La littérature est voyeuriste quand elle est mal faite, visionnaire quand elle l'est mieux, toujours en éveil en tout cas. Le cas Sebire est à la fois trop frais et presque trop dramatique pour qu'on en tire un bon livre. C'est le reproche qu'on a pu faire à Mazarine : il est impossible de se dépêtrer d'une telle histoire sans chausser de gros sabots littéraires.

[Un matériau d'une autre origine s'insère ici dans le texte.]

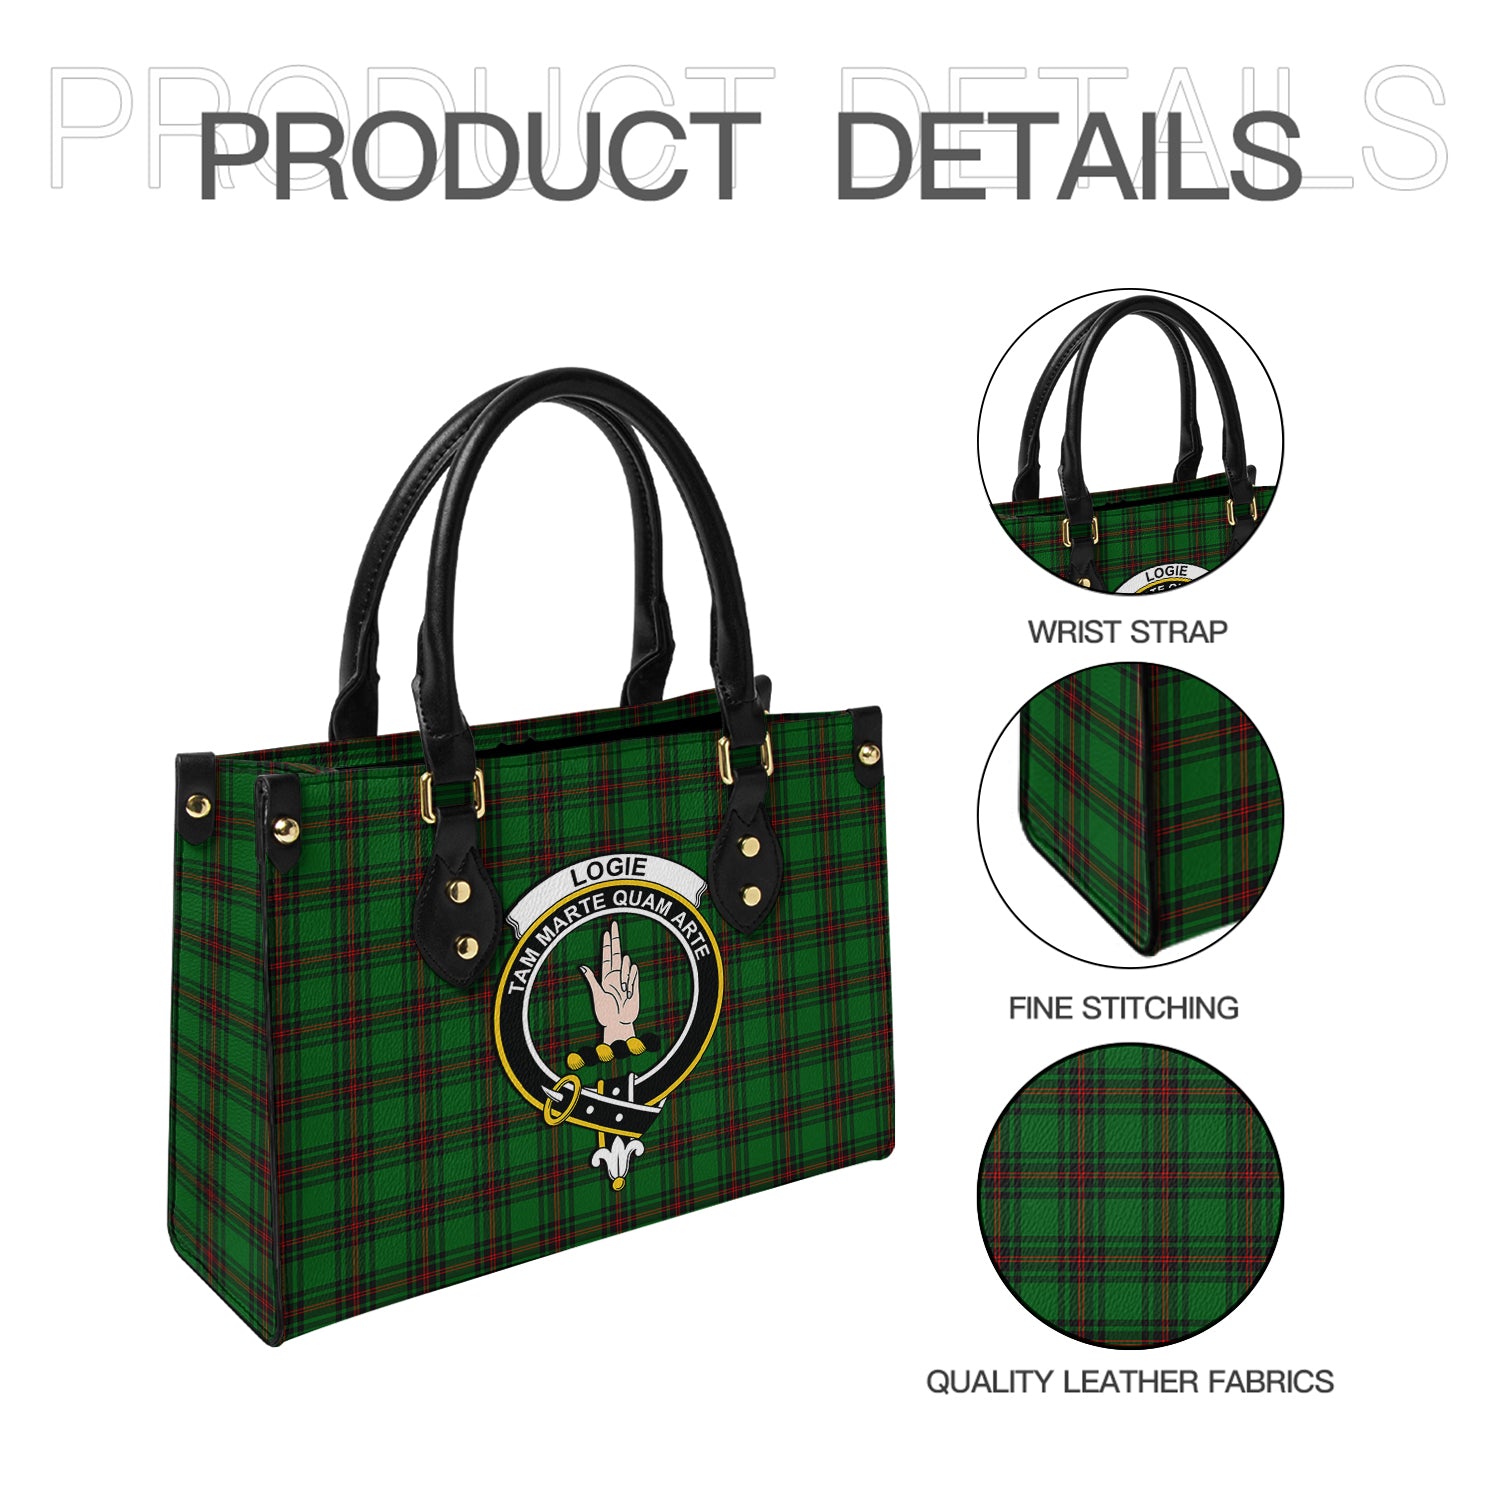 logie-tartan-leather-bag-with-family-crest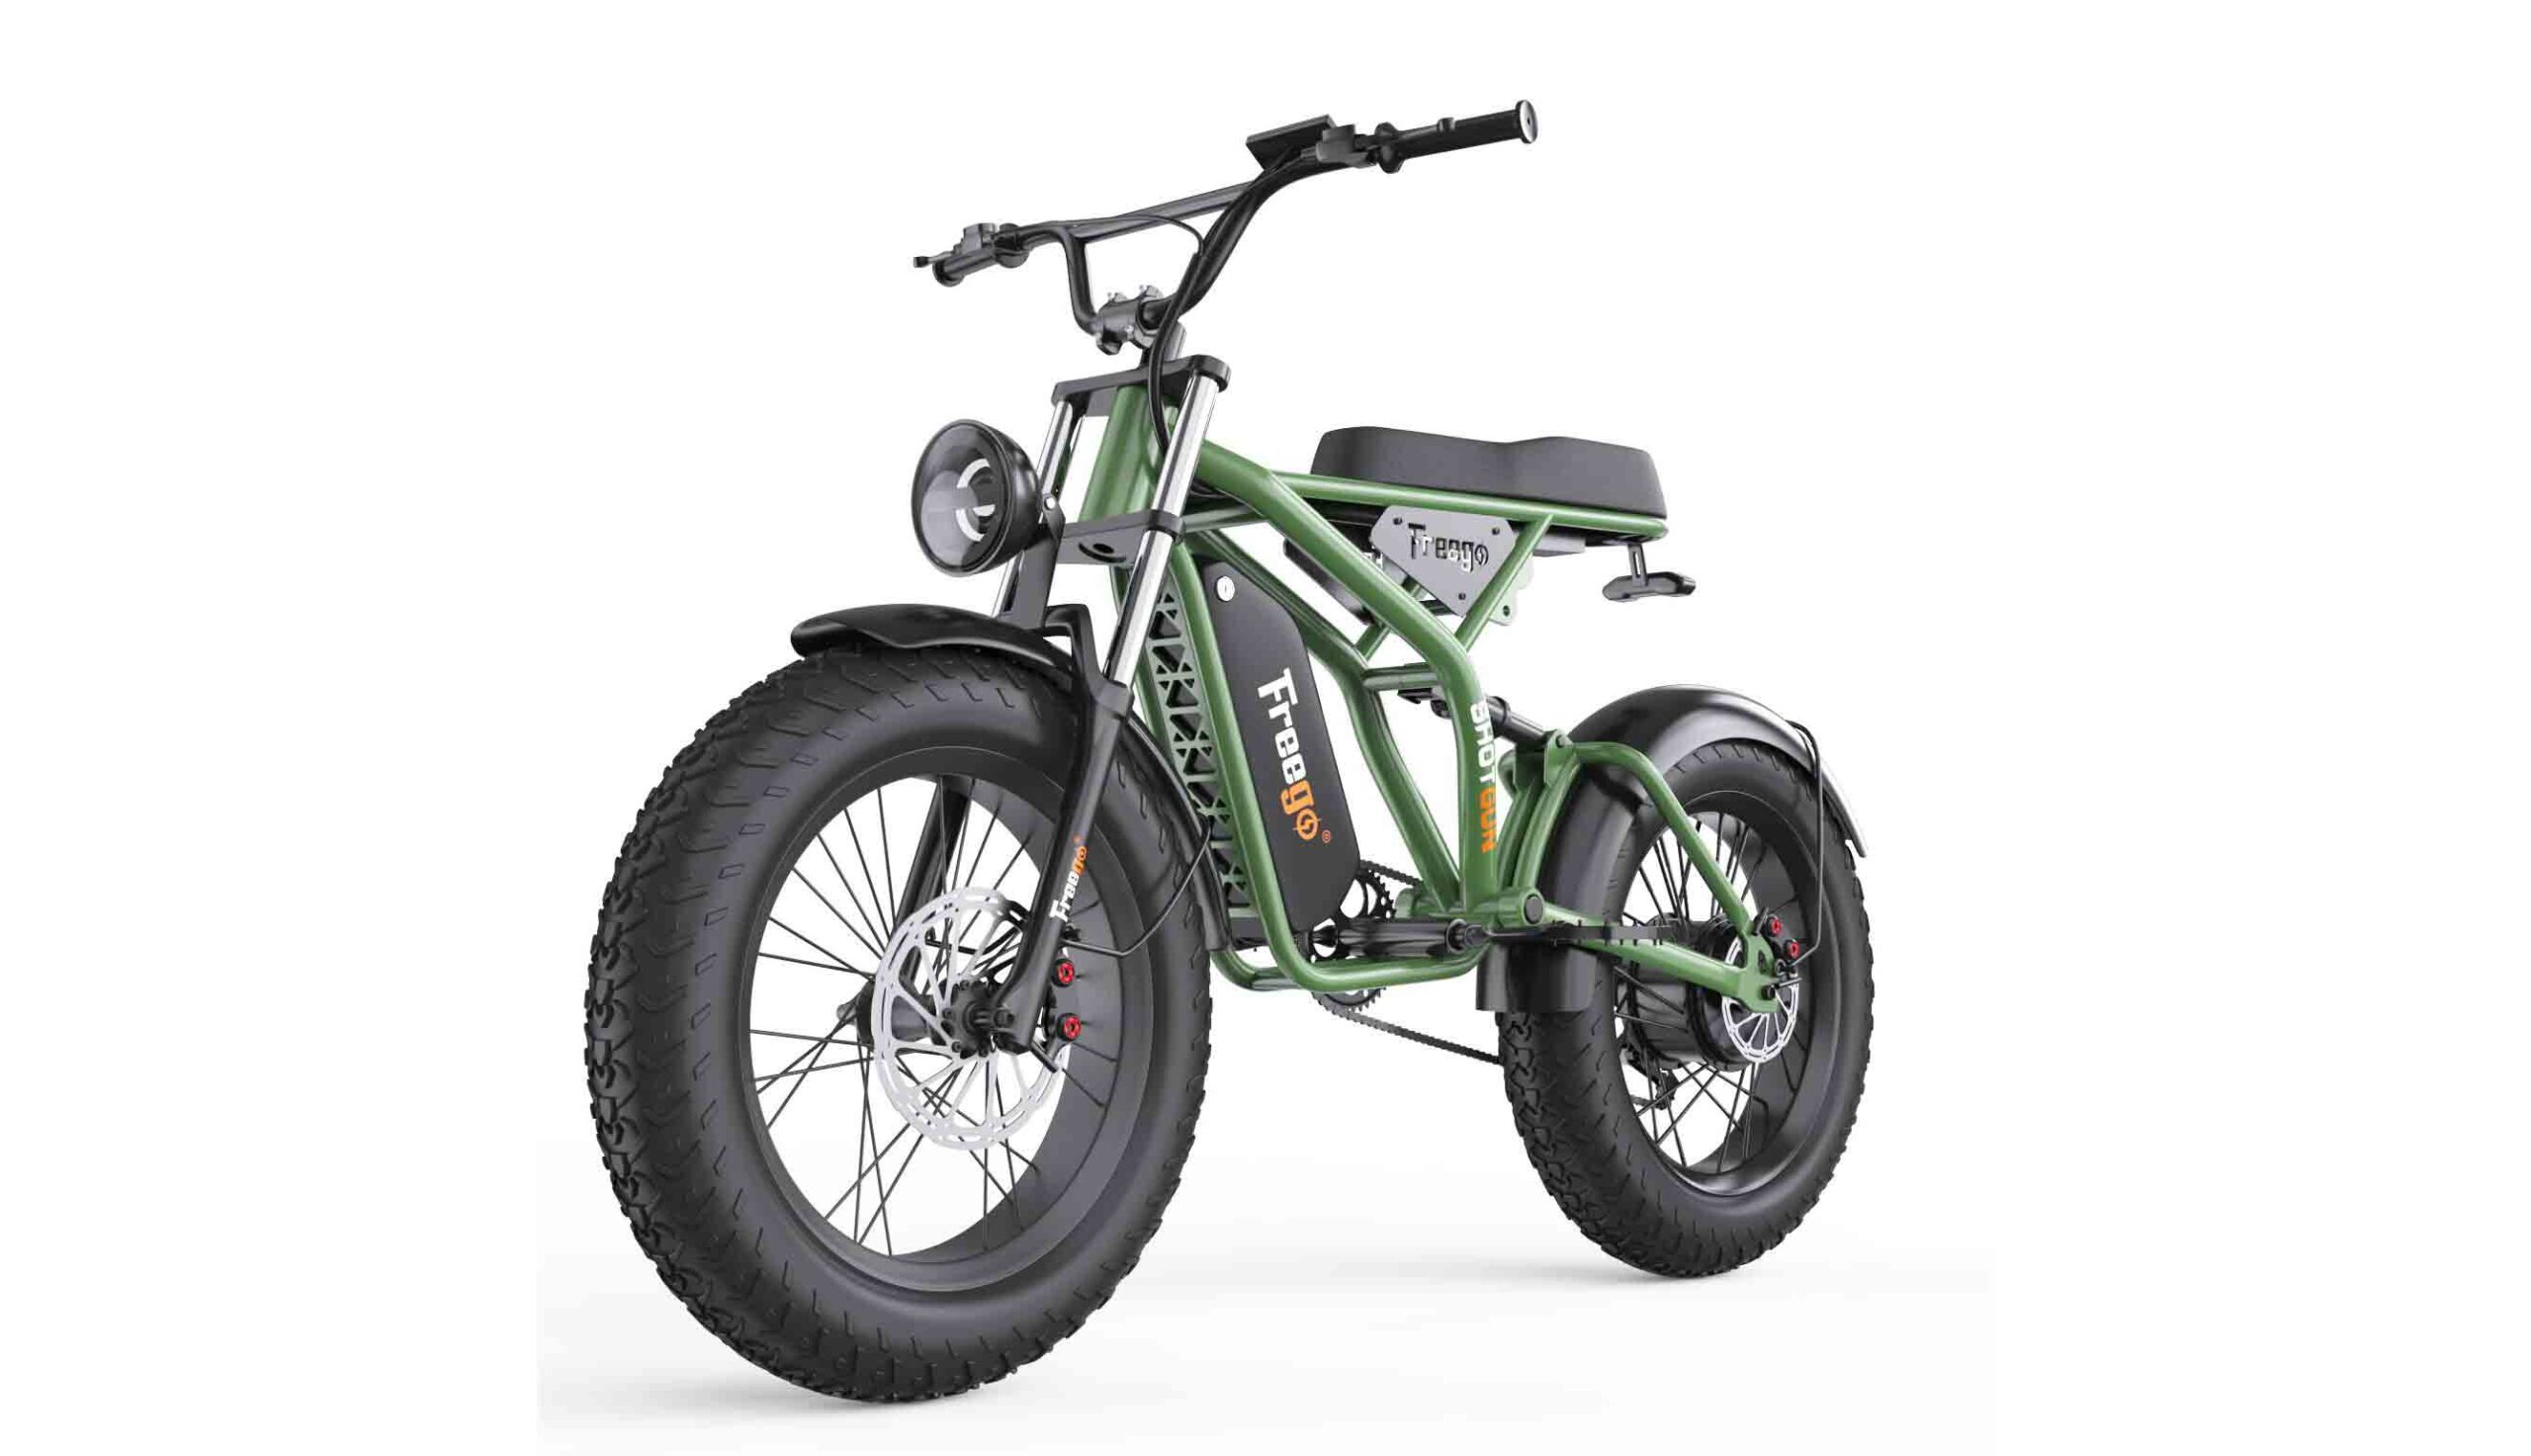 500W, 750W and 1000W Electric Bikes: Which is Better?

La réalité est parfois trop improbable pour donner une fiction crédible... Mais qui sait ? Il est possible que Chantal Sebire mérite une belle histoire, un bel auteur, ou un conte. Il est possible que d'une certaine façon David Lynch en ait déjà résumé l'essentiel dans son Elephant Man qui dit, à l'ancienne (la mode de la fin XIXème et du début XXème), ce que nous disons tout bas aujourd'hui. La différence, l'humanité sont peu de choses. Et cetera.